Huazhong Agricultural University, College of Informatics, Hubei Key Laboratory of Agricultural Bioinformatics, No.1 Shizishan Street, Hongshan District, Wuhan, 430070, Hubei, China.
Rush University Medical Center, Rush Alzheimer's Disease Center, Chicago, IL, USA.
Alzheimers Res Ther. 2021 Mar 4;13(1):55. doi: 10.1186/s13195-021-00794-8.
Single-nucleotide polymorphisms (SNPs) identified by genome-wide association studies only explain part of the heritability of Alzheimer's disease (AD). Epistasis has been considered as one of the main causes of "missing heritability" in AD.
We performed genome-wide epistasis screening (N = 10,389) for the clinical diagnosis of AD using three popularly adopted methods. Subsequent analyses were performed to eliminate spurious associations caused by possible confounding factors. Then, candidate genetic interactions were examined for their co-expression in the brains of AD patients and analyzed for their association with intermediate AD phenotypes.

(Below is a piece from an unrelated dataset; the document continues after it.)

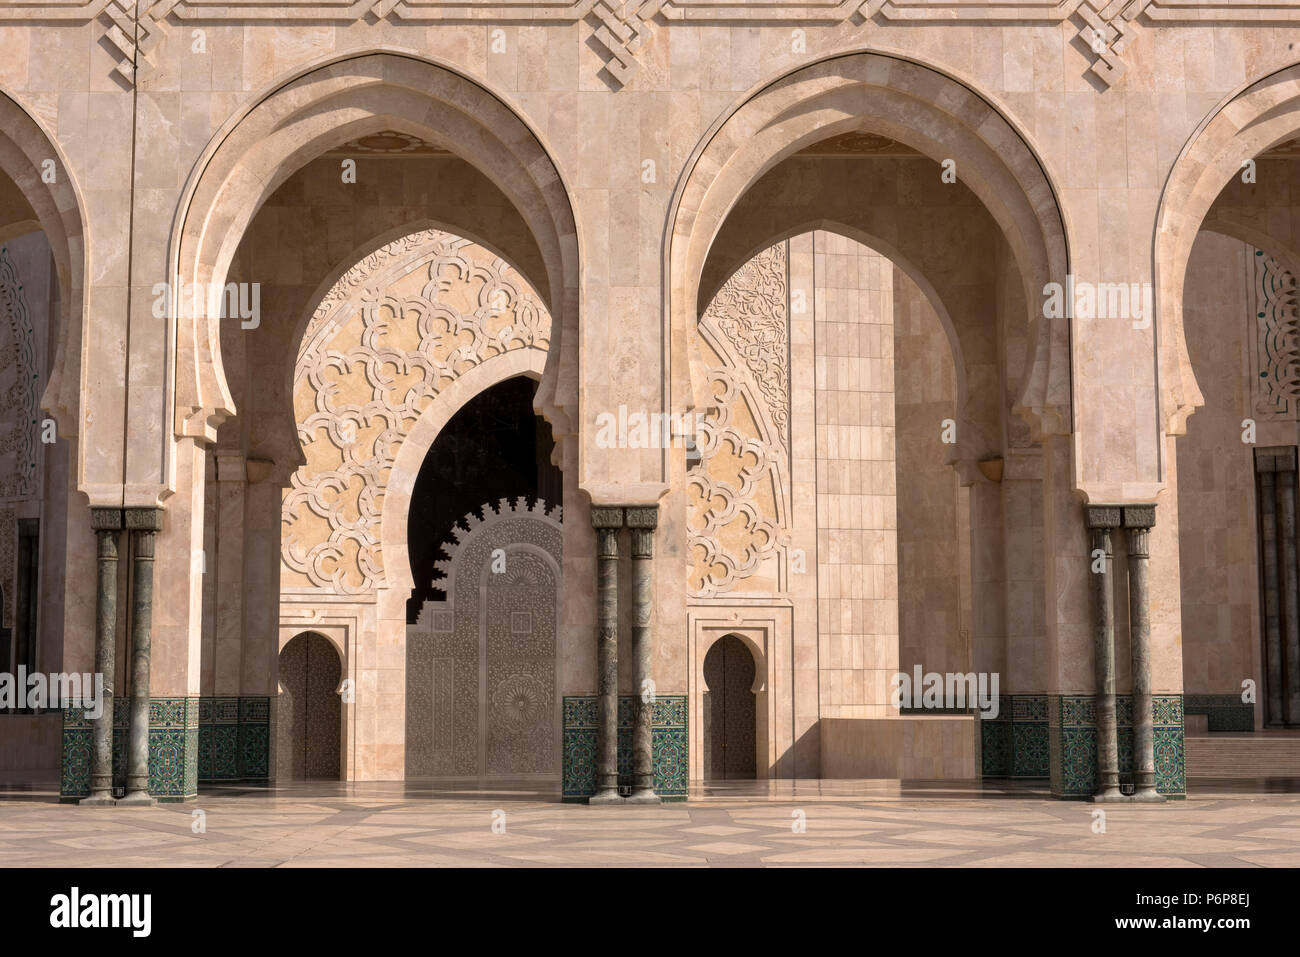 Colonnade en marbre Ã l'entrÃ©e de la MosquÃ©e Hassan II. Casablanca, Maroc. Banque D'Images
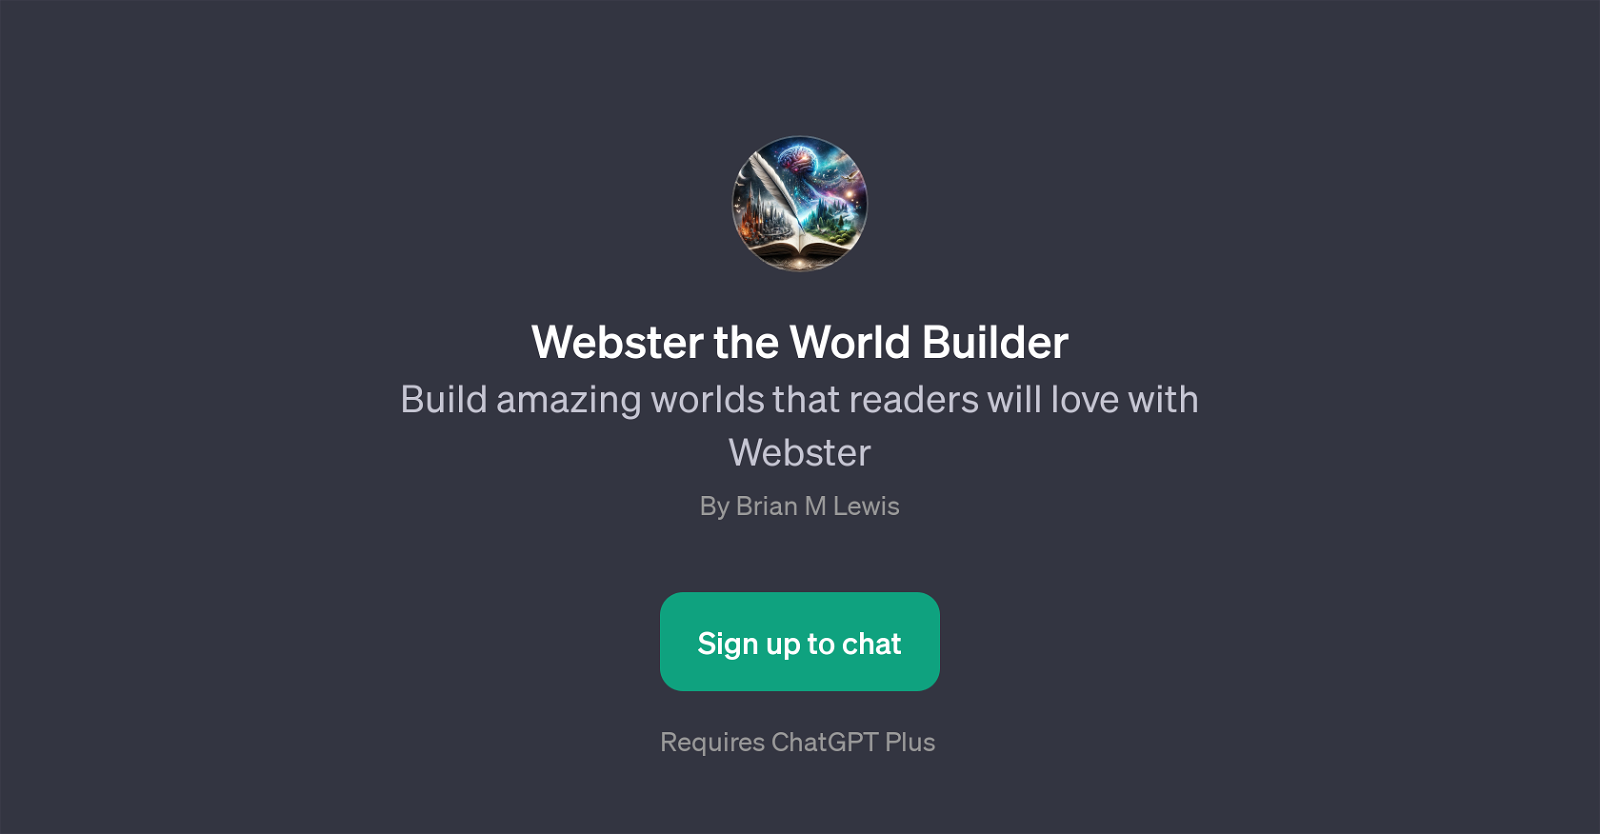 Webster the World Builder website

Moreover, a new approach was developed to compile the epistasis risk factors into an epistasis risk score (ERS) based on multifactor dimensional reduction. Two independent datasets were used to evaluate the feasibility of ERSs in AD risk prediction.
We identified 2 candidate genetic interactions with P < 0.05 (RAMP3-SEMA3A and NSMCE1-DGKE/C17orf67) and another 5 genetic interactions with P < 0.1. Co-expression between the identified interactions supported the existence of possible biological interactions underlying the observed statistical significance. Further association of candidate interactions with intermediate phenotypes helps explain the mechanisms of neuropathological alterations involved in AD. Importantly, we found that ERSs can identify high-risk individuals showing earlier onset of AD. Combined risk scores of SNPs and SNP-SNP interactions showed slightly but steadily increased AUC in predicting the clinical status of AD.
In summary, we performed a genome-wide epistasis analysis to identify novel genetic interactions potentially implicated in AD. We found that ERS can serve as an indicator of the genetic risk of AD.
全基因组关联研究鉴定的单核苷酸多态性(SNPs)仅能解释阿尔茨海默病(AD)部分遗传率。上位性已被认为是 AD 中“遗传缺失”的主要原因之一。
我们使用三种常用方法,针对 AD 的临床诊断进行了全基因组上位性筛选(N=10389)。随后的分析消除了可能由混杂因素引起的虚假关联。然后,对候选遗传相互作用进行了共表达分析,以检查它们与 AD 患者大脑中的中间 AD 表型的关联。此外,开发了一种新方法,基于多因素维度缩减将上位性风险因素编译为上位性风险评分(ERS)。使用两个独立的数据集来评估 ERS 在 AD 风险预测中的可行性。
我们鉴定出了 2 个具有 P<0.05 的候选遗传相互作用(RAMP3-SEMA3A 和 NSMCE1-DGKE/C17orf67)和另外 5 个具有 P<0.1 的遗传相互作用。鉴定出的相互作用之间的共表达支持了观察到的统计学显著意义背后可能存在的生物学相互作用的存在。候选相互作用与中间表型的进一步关联有助于解释 AD 涉及的神经病理改变的机制。重要的是,我们发现 ERS 可以识别出具有 AD 发病较早的高危个体。SNP 和 SNP-SNP 相互作用的组合风险评分在预测 AD 的临床状态时,AUC 略有但稳步增加。
总之,我们进行了全基因组上位性分析,以鉴定潜在参与 AD 的新型遗传相互作用。我们发现 ERS 可以作为 AD 遗传风险的指标。